Собака и впрямь была скверная. Избалованная вниманием и сытой кормежкой, развращенная бездельем и детьми, она рано постарела, поглупела и страдала одышкой. По званию это был дратхаар, по происхождению аристократ, хоть и без герба, но с гербовым свидетельством о предках, до пятого колена, как сказал хозяин, когда они ехали в машине. А по существу, лентяй и шаромыжник, как и всякий опустившийся дворянин. Воды пес не терпел, подходил к ней с кошачьей брезгливостью, и, если нельзя было обойти мелководье, он заглядывал в лицо Лютрову, будто спрашивал: «Доколе брести-то?»
Близко к чистой воде было не подойти, пришлось устраиваться на краю заболоченной части большого озера, на противоположной от восхода солнца стороне раскидистого ольхового куста.
С полчаса Лютров старательно оглядывал небо над водой, ожидая начала лета утиных пар, но медленно ясневшее небо оставалось пустым…
От края болота, где они с дратхааром без толку отсидели долгую зарю, и до холмов вдали тянулась уже тронутая зеленью равнина. Небо скрыли облака, и, хоть давно наступило утро, все казалось, никак не обедняется. Обходя одну из бесчисленных мочажин в поисках уток, Лютров наткнулся на человека в тужурке на поролоне, какие иногда выдают егерям. Он стоял спиной к нему и скучающе размахивал толстым прутом, целясь в нечто у ног. Подбежавший дратхаар вывел человека из задумчивости. Малое время она смотрели друг на друга. Пес, видимо, подыскивал другого хозяина, пусть с палкой, лишь бы избавил его от утренней сырости и вернул на старый диван в сенях.

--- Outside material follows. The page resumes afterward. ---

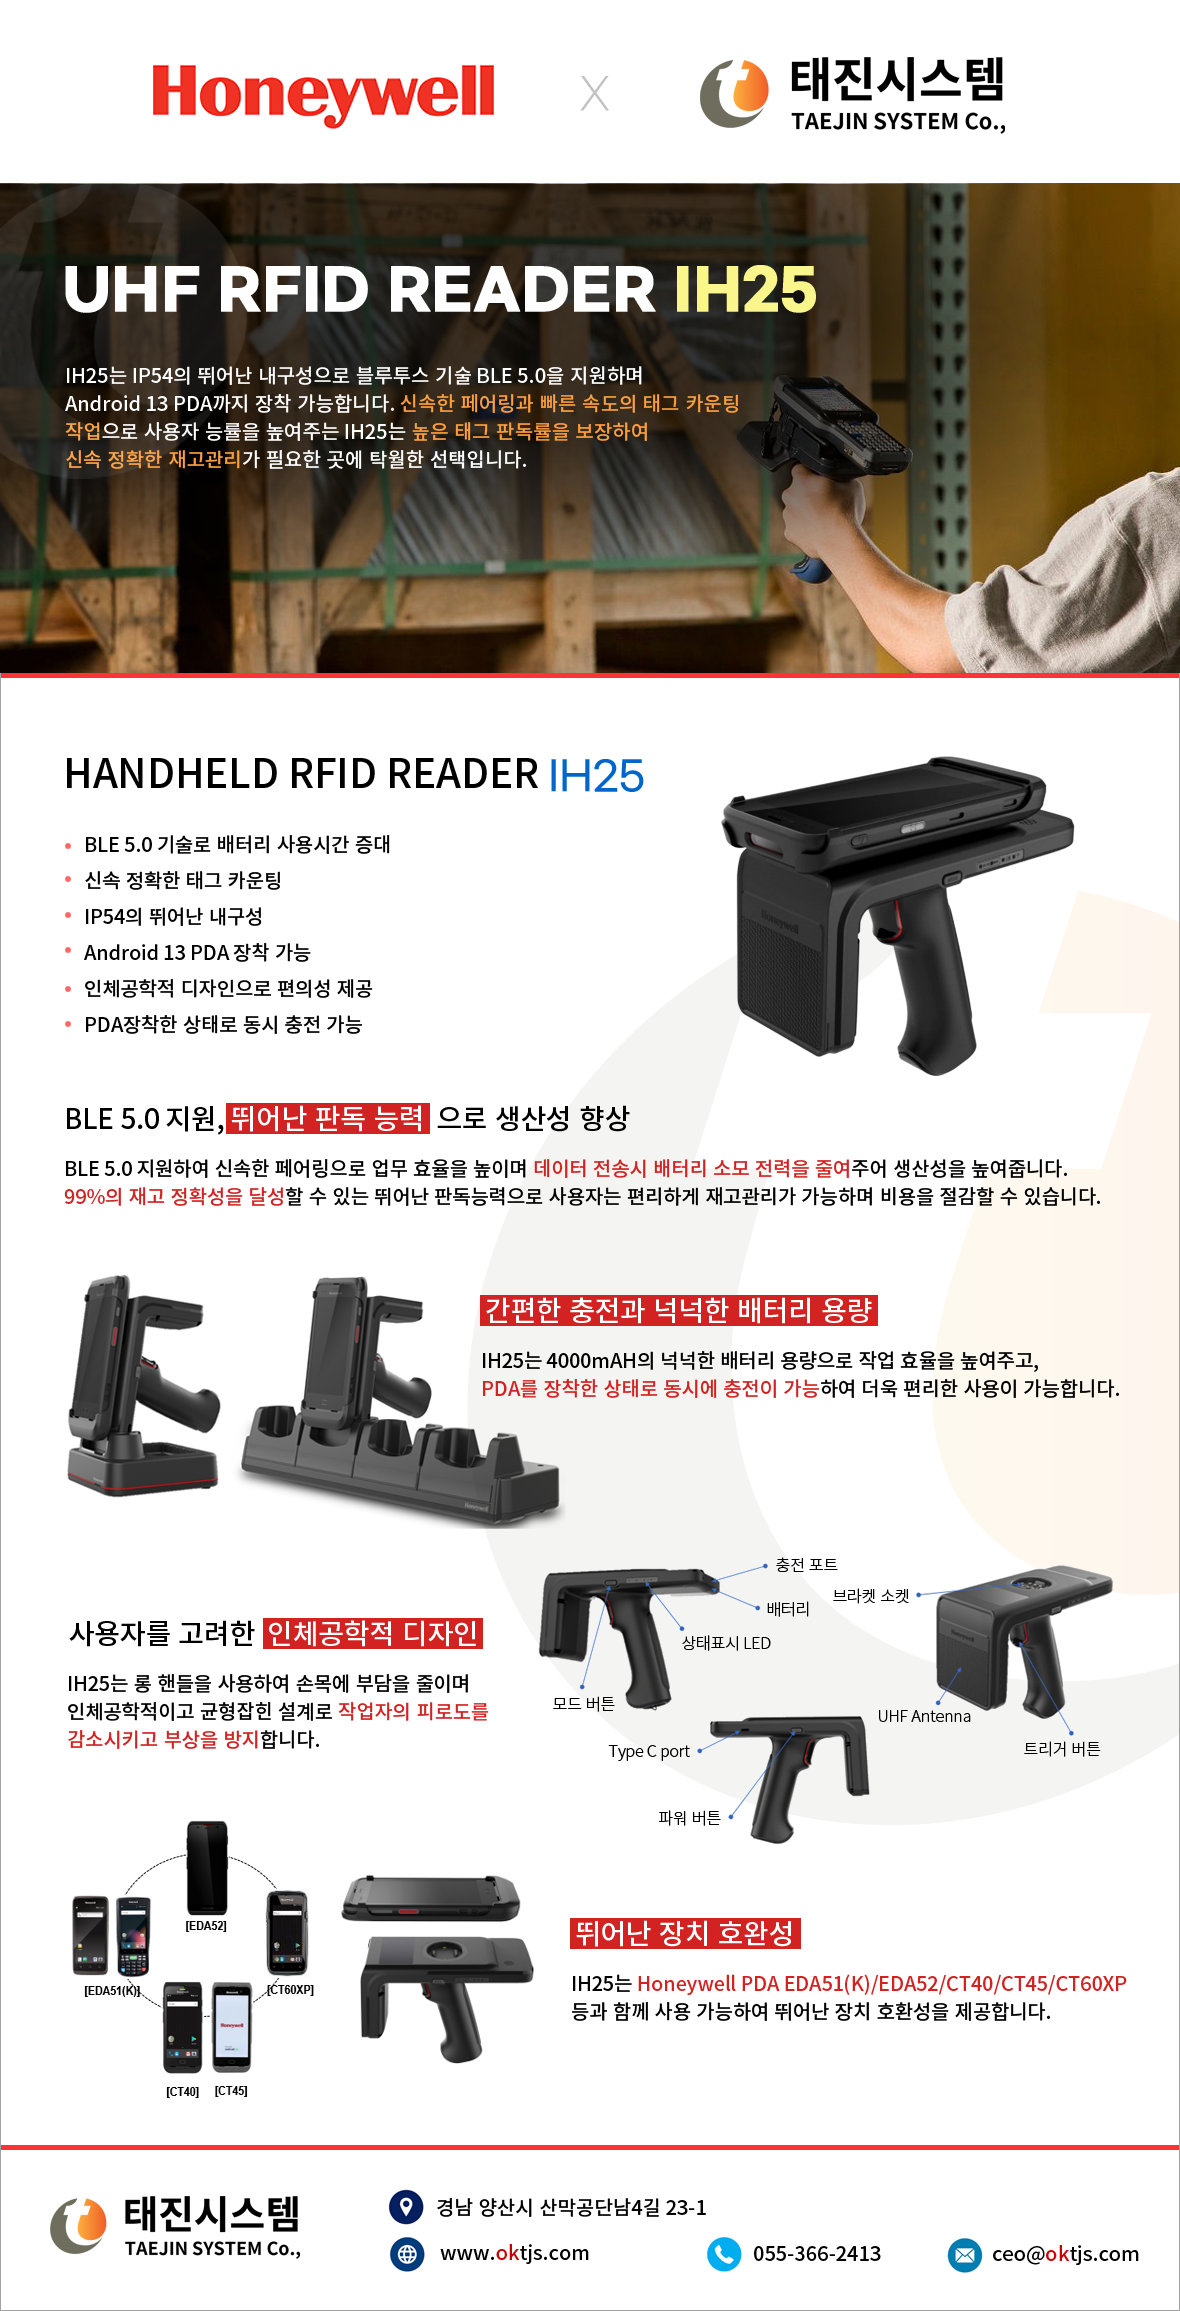 하니웰 RFID READER IH25 소개

Оглядевшись и приметив Лютрова, человек решительно зашагал в его сторону. Шел он улыбаясь, будто с подарком, и Лютров невольно улыбнулся. Они поздоровались. Хитро сощурив глаза, человек ткнул палкой в сторону обманутого в своих ожиданиях пса и проговорил то ли насмешливо, то ли сочувствующе:
– Испачкался.
Человек был стар, худощав, мал ростом, но быстроглаз и подвижен. Когда он, здороваясь, приподнял треух, на его небольшой круглой голове обозначились короткие, совсем белые волосы, не только подчеркнувшие старость его, но и придавшие ей черты благолепия.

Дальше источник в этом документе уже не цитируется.